[Proteomics] MODa(MODification via alignment)

clean·2023년 7월 25일

Proteomics

tag: 2-4 길이의 amino acid sequence. PTM identification을 할 때 유용하게 쓰임

dp algorithm을 통해서 database에 있는 펩타이드와 일치하는 sequence tag의 modification을 identify

MODa scoring algorithm

multiple tags를 기반으로 한 dynamic programming을 쓴다.

S: MS/MS Spectrum
P: a1...an -> DB에서 선택된 펩타이드
T: set of tags matched to P

길이가 n인 tag는 n+1의 질량들로 define된다. -> 무슨 의미이지

start(t): tag t의 시작 위치(시작하기 직전 위치가 더 맞는듯..?)
end(t): tag t의 종료 위치
(start(t) = 0, end(t) = 1이라면 a1만 tag임을 의미한다.)
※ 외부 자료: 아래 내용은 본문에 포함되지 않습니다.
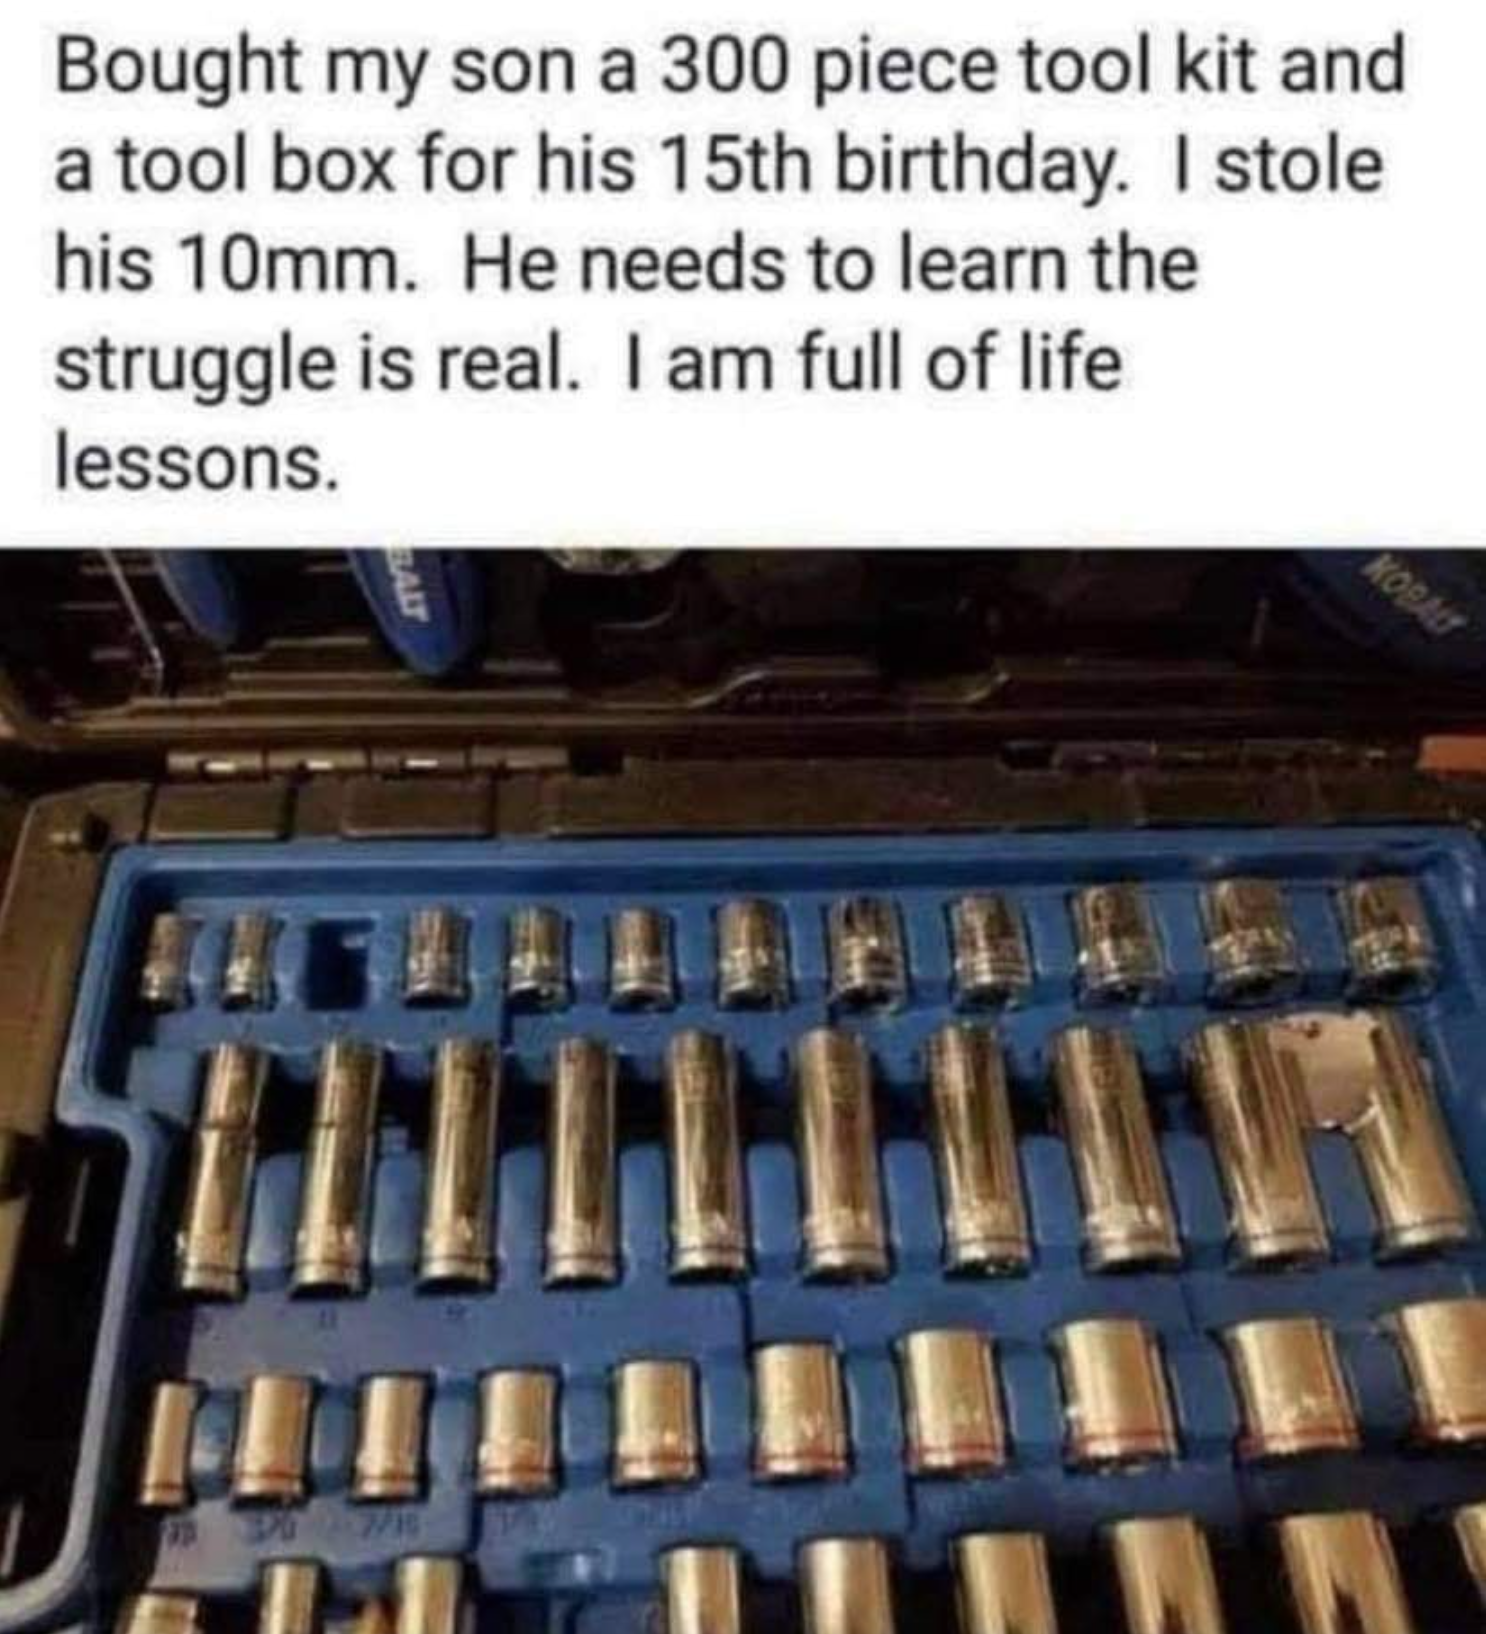 metal - Bought my son a 300 piece tool kit and a tool box for his 15th birthday. I stole his 10mm. He needs to learn the struggle is real. I am full of life lessons. 11

M[p][t][s]: maximum score path at position p.

여기서 s는 대각선 위치가 tag의 before인지, after인지를 나타낸다. (0: before, 1: after)
이 third dimension s는 각각의 tag를 여러 개의 subtags로 나누지 않게 하기 위함이다.
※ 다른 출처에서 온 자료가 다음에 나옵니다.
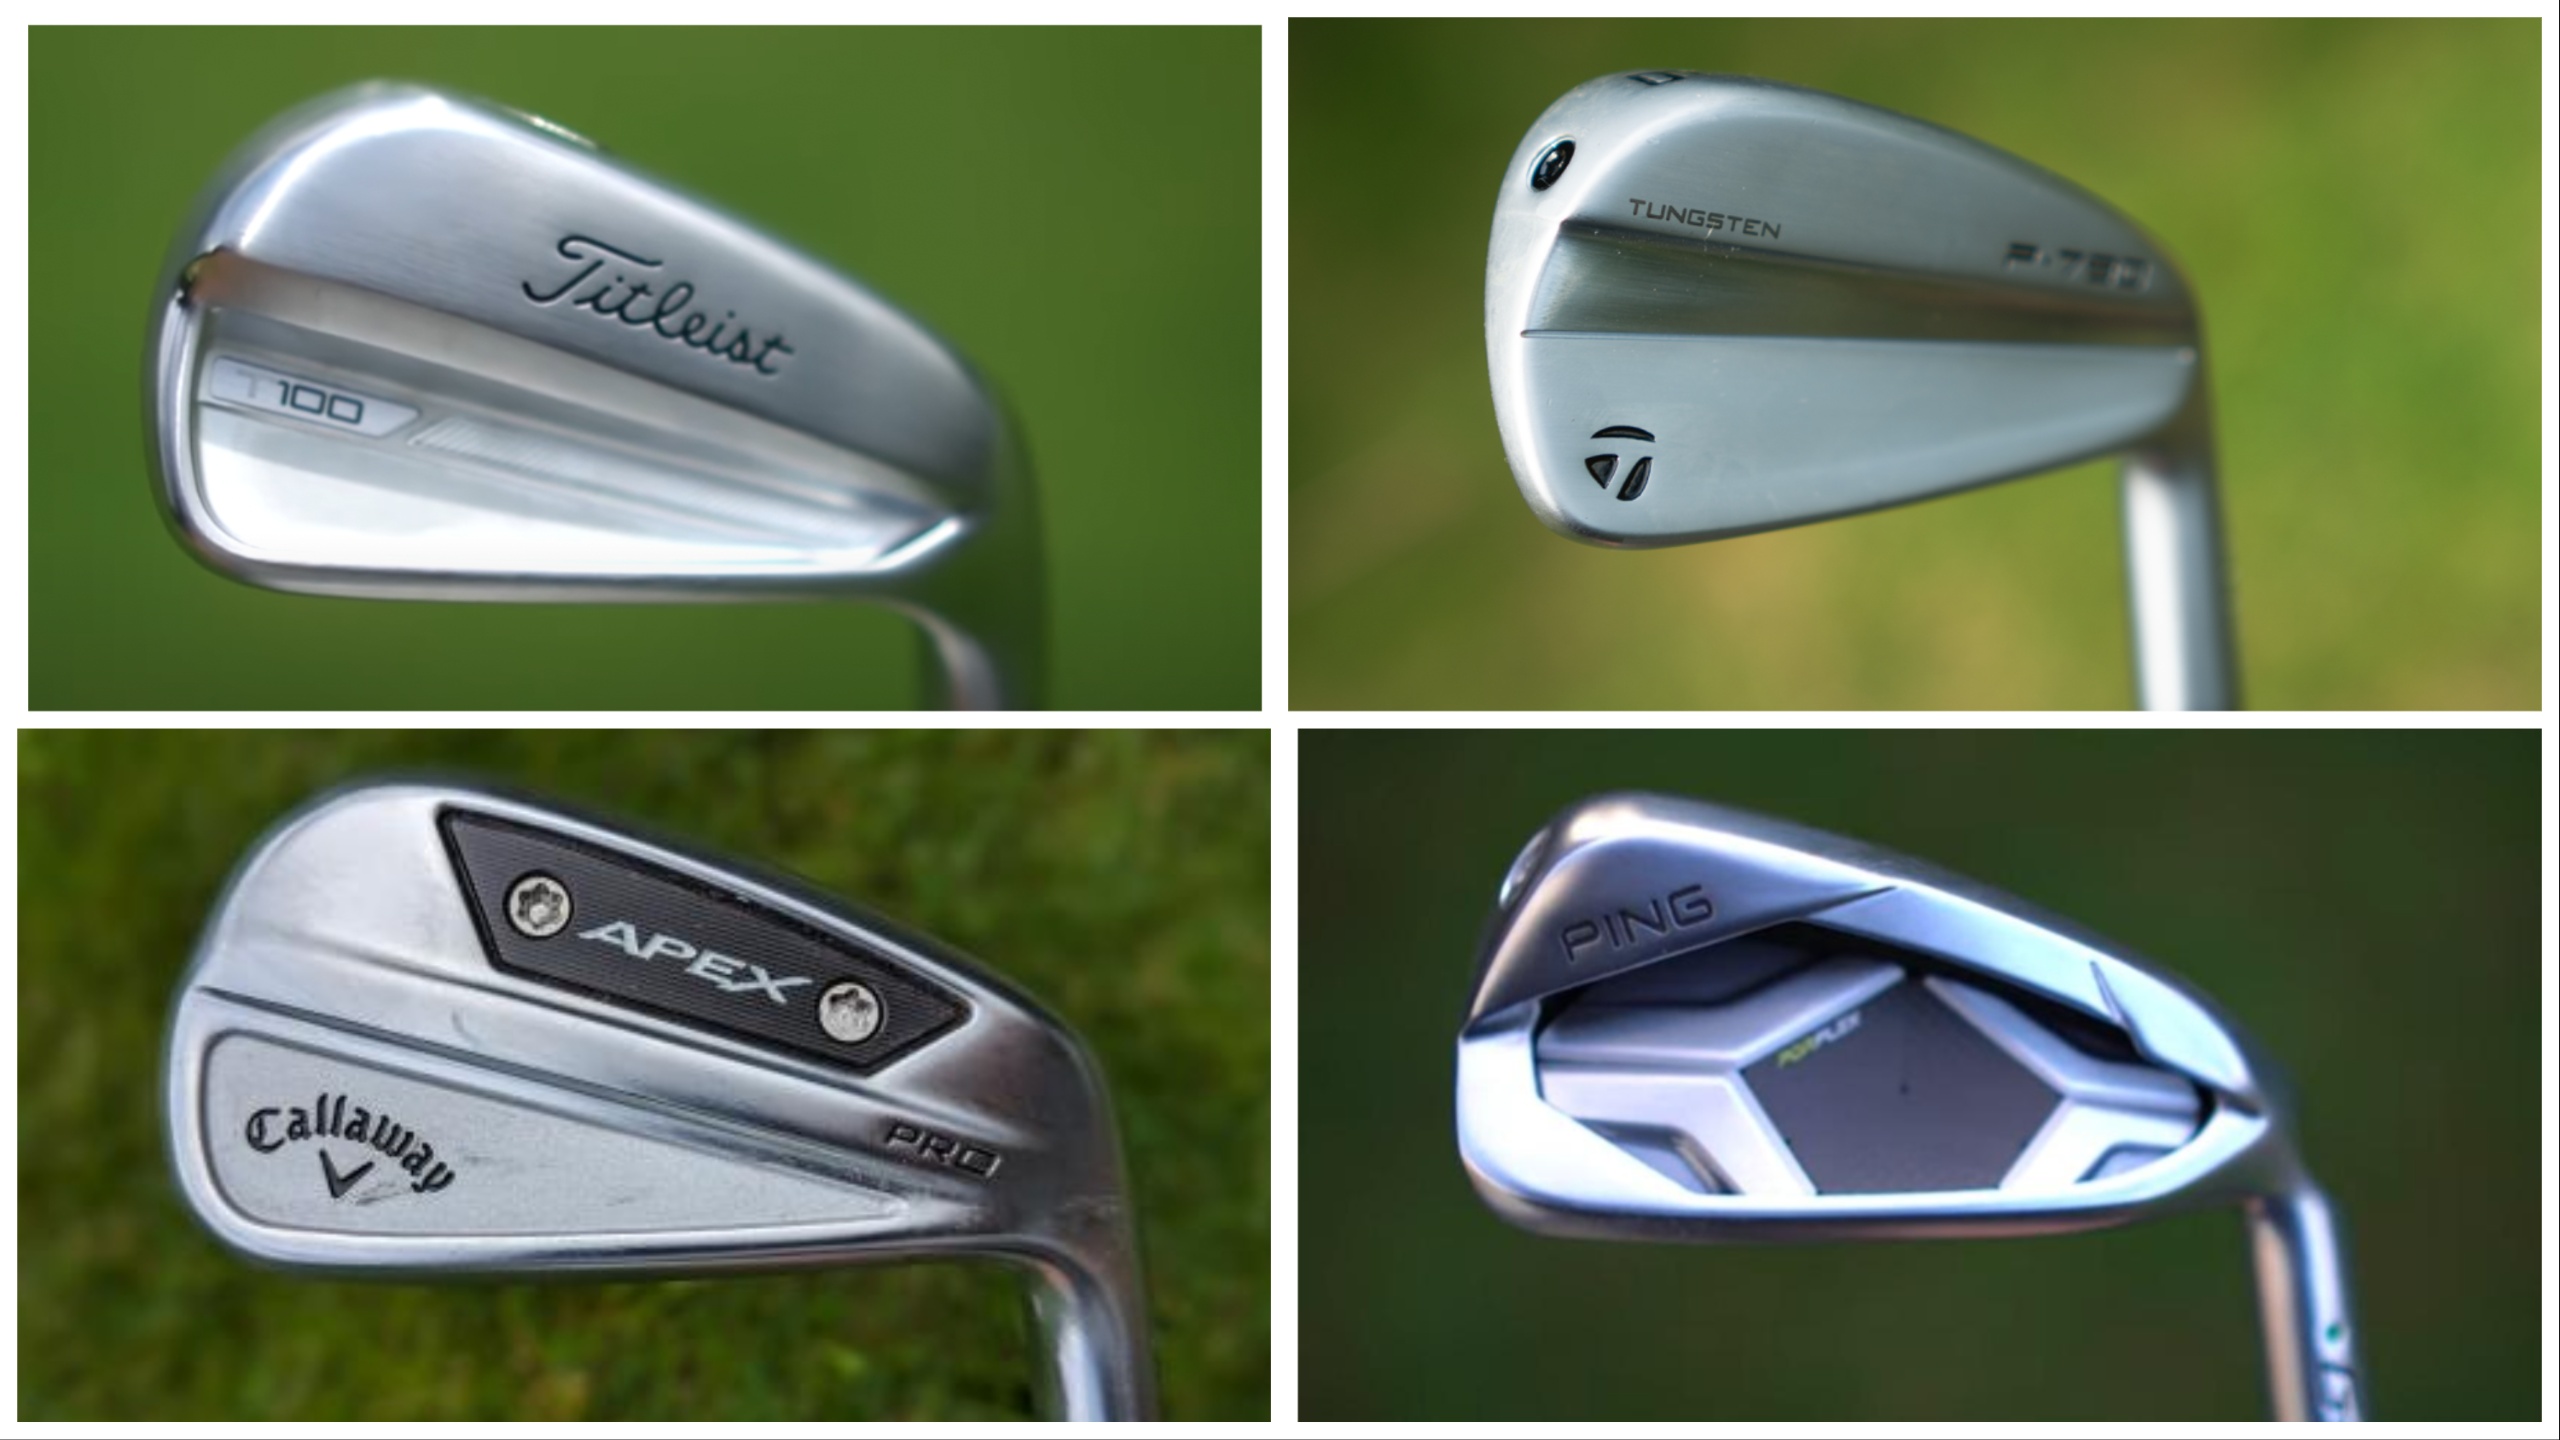 Irons from VEGA Golf - Classic Line & Star Line

As defined, one can jump inside a tag at any point and jump out again as soon as at least one amino acid is used in the tag(branch labeled as 'jumps inside the tag')
-> 어느 지점에서든지 tag안으로 바로 점프 가능. 그리고 tag 안에서 적어도 아미노산 하나가 사용이 되었다면 바로 tag 밖으로 점프 가능
-> 무슨 의미인지 더 생각해봐야겠다.

M[p][t][s]는 0으로 초기화가 된다. score(p,t)가 아래 규칙에 재귀적으로 더해진다.

Amino acid jumps
Modification jump

over all tags q such that start(q) < start(t), where pf(d, aa) <= 0 is a penalty function for a modification d on the amino acid(aa).
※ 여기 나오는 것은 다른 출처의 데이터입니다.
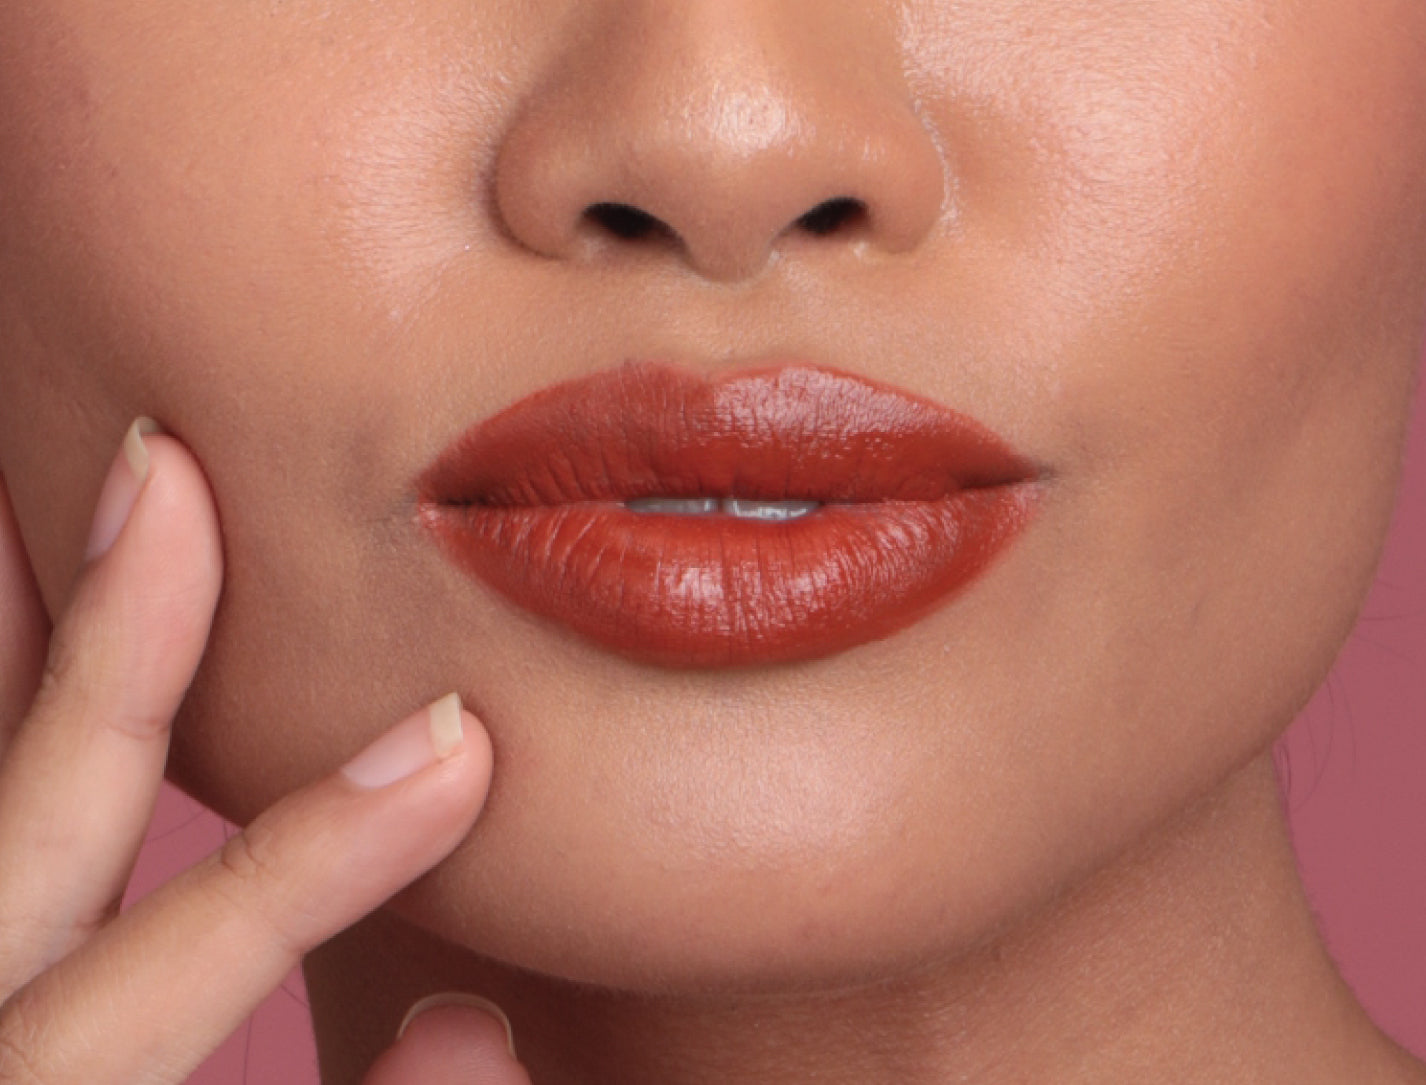 HOW TO | Lips 101: A Cheat Sheet for Your Best-Looking Lips

pf(d, aa) <= 0는 a라는 아미노산에 대한 modification에 대한 패널티이다.
여기서 d는 mass의 displacement를 의미하며, modification에 의해 질량이 d만큼 변했다는 것이다.
Given the frequent and common modification list in advance, the function can be adjusted. In this work, we considered pf(d, aa) as a constant C for all of the modifications

특이한 케이스를 피하기 위해서 T는 항상 길이가 0인 special tag t0, tv를 포함한다고 가정한다.

t0: 펩타이드 P의 position zero(시작 위치를 의미하는 듯)
tv: n (태그의 총 개수이다)

The overall best candicate score is obtained from M[n][tv][0].

MODa에서는 scoring을 위해서 스펙트럼 S를 PRM(Prefix Residue Mass) spectrum으로 변환한다. 먼저, S는 100 m/z 단위의 창으로 분리되고 그 안에서 intensity가 높은 10의 peak만 남긴다. 이 peak들은 intensirt의 순위에 따라 가중치가 붙는다.

PRM node의 점수는 PRM에서 예상되는 이온 피크의 가중치 합계로 정의된다.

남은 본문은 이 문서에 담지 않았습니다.